In general, data processing includes raw read quality control, 5' or 3' end trimming, genome mapping, APA clustering and characterization, assessment of differential expression and pathway enrichment. Once libraries are well separated with individual barcodes, raw reads are processed for quality control and sequencing scores using CIMS (crosslinking induced mutation sites) (http://zhanglab.c2b2.columbia.edu/index.php/CIMS), FastQC (a quality control tool for high throughput sequence data) (http://www.bioinformatics.babraham.ac.uk/projects/fastqc/) or FASTX Toolkit version 0.0.13.1 (http://hannonlab.cshl.edu/fastx_toolkit/), for example.
Depending on the library construction protocol and sequencing platform, the ideal reads that contain APA sites should have either poly(T) at their 5'-ends or poly(A) at their 3'-ends. To improve successful rate of read mapping, it works best to trim off these poly(T) or poly(A) because they do not exist at the DNA level. Software, such as Cutadapt [16] or Perl script [14] can be used to complete the trimming process.
For read mapping, selection of a well-assembled genome is essential, which can be downloaded from either UCSC Genome Browser (https://genome.ucsc.edu/) or the NCBI ftp site (https://ftp.ncbi.nih.gov/genomes/). NovoAlign (http://www.novocraft.com/products/novoalign/), GSNAP (genome short-read nucleotide alignment program) [17], Bowtie (http://bowtie-bio.sourceforge.net/index.shtml) [18] and TopHat2 (https://ccb.jhu.edu/software/tophat/index.shtml) [19] are frequently used to map reads to different genome/gene regions. CIMS (http://zhanglab.c2b2.columbia.edu/index.php/CIMS), F-seq [20], PAcluster [21] and PlantAPA [22] can be used to call APA clusters, usually within a 20 - 30 bp window.
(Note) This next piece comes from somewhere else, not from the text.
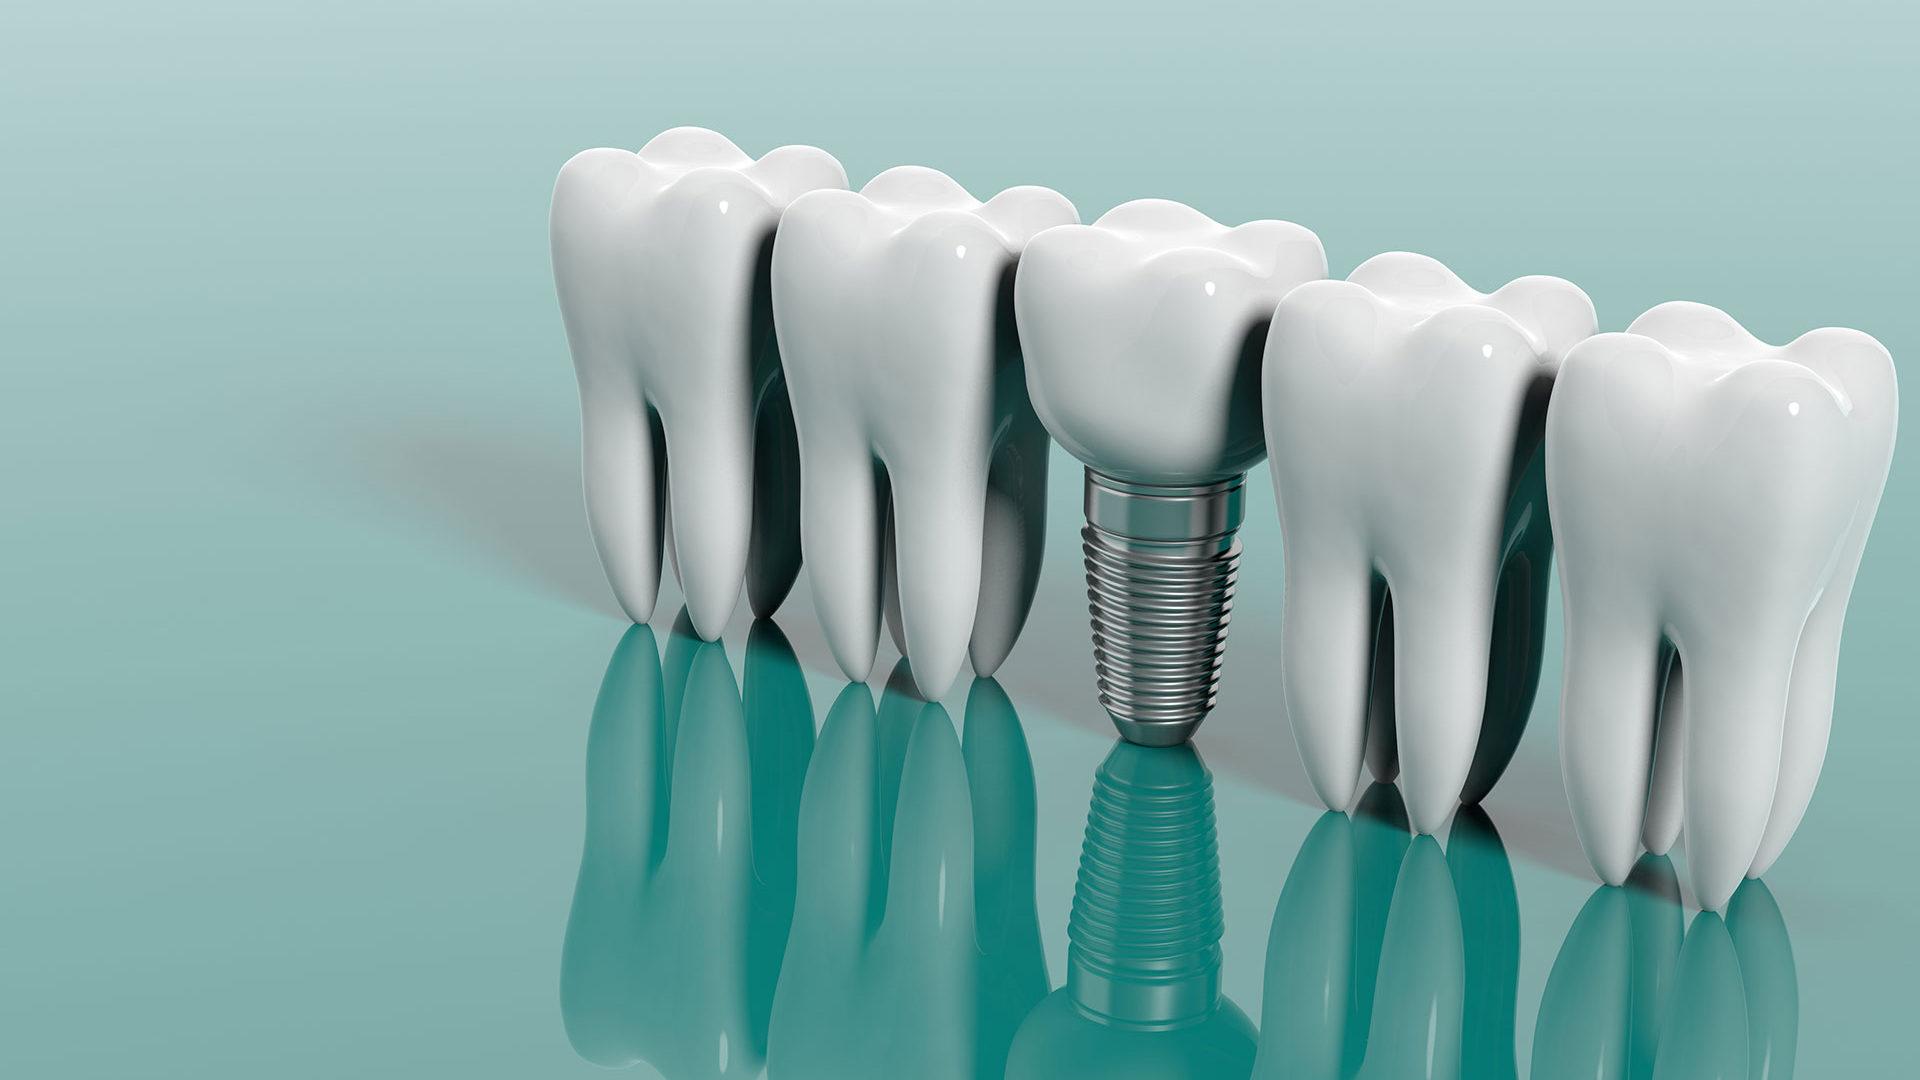 dental-implants-green-background-1920×1080

WTTS-seq raw data processing and bioinformatics pipeline. Data analysis usually involves quality control, reads mapping, APA clustering, location assignment and classification for characterization.
There are several ways to characterize APA sites by type or category. 3'UTR and CDS-APA sites can be separated using closestBed with the BEDtools suite [23]. This simple classification allows examination of APA switching events within 3'UTRs or between coding regions and 3'UTRs [24]. Genomic features, such as 5'UTR, intron, exon, 3'UTR and intergenic regions can be used to classify APA sites [25]. Differentially expressed APA (DE-APA) sites can be determined using DEXSeq, DESeq2, edgeR, HTSeq and XBSeq2 [26-30]. Differentially expressed genes (DEGs) associated with DE-APA sites can be used to enrich GO terms using PantherDB [31], KEGG (Kyoto Encyclopedia of Genes and Genomes, http://www.genome.jp/kegg/), and DAVID (the database for annotation, visualization and integrated discovery, https://david.ncifcrf.gov/), for example.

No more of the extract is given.